What needs to be done:
Go to the line with "Picture Prompts - X" in the material below and copy from there through the line with "Image 1: Woman", exactly. Pictures are not copied.

Material for this task:
>>>
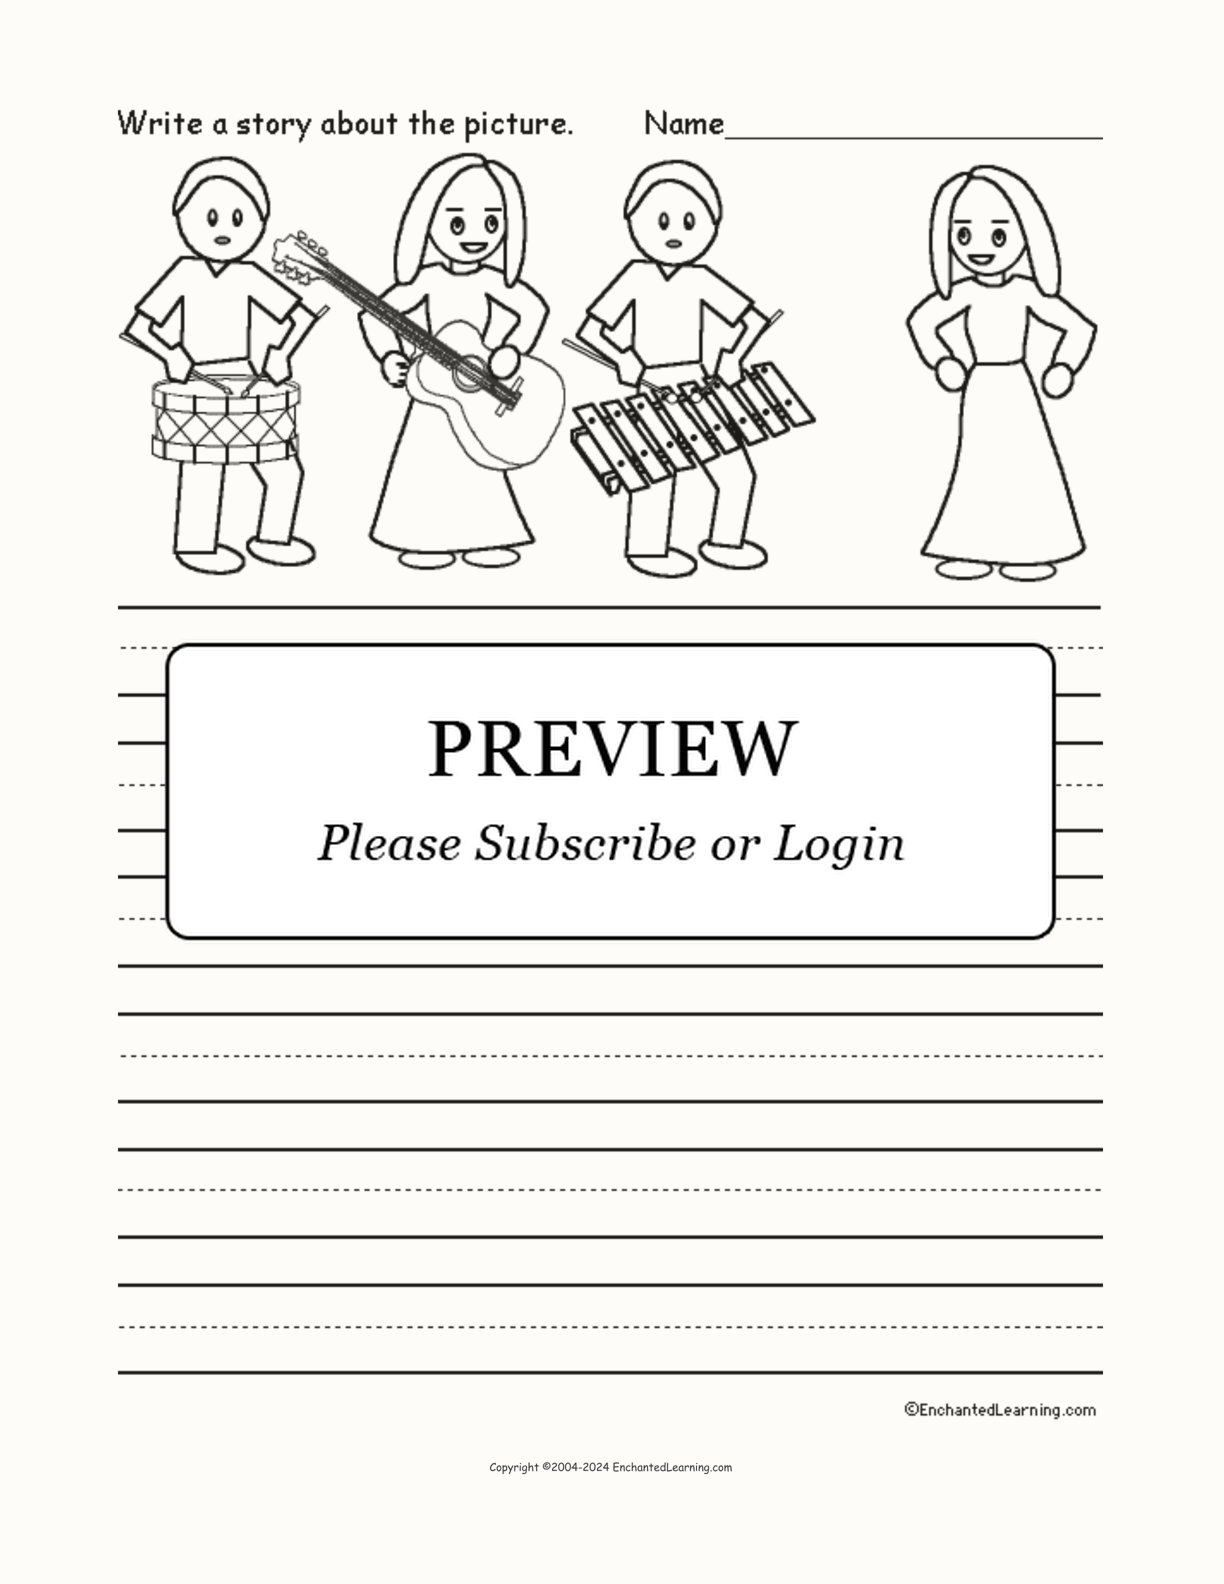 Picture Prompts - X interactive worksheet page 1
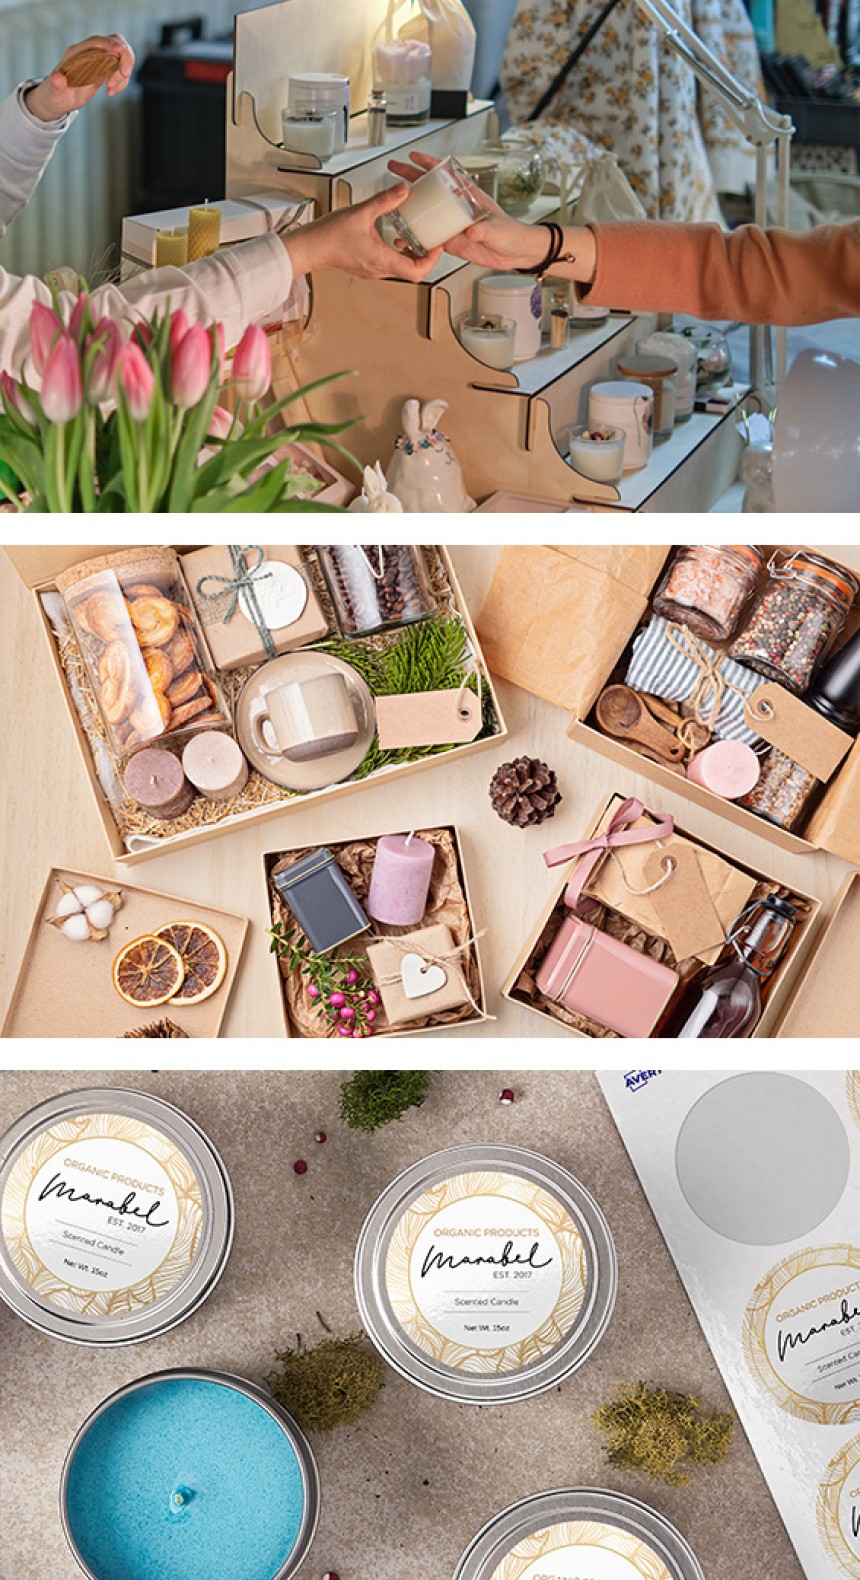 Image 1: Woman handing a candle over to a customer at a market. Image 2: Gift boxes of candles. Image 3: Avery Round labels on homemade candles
<<<
>>>
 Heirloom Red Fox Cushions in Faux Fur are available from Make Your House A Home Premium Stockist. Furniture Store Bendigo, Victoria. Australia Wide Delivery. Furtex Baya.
<<<
Response:
 Picture Prompts - X interactive worksheet page 1
 Image 1: Woman handing a candle over to a customer at a market. Image 2: Gift boxes of candles. Image 3: Avery Round labels on homemade candles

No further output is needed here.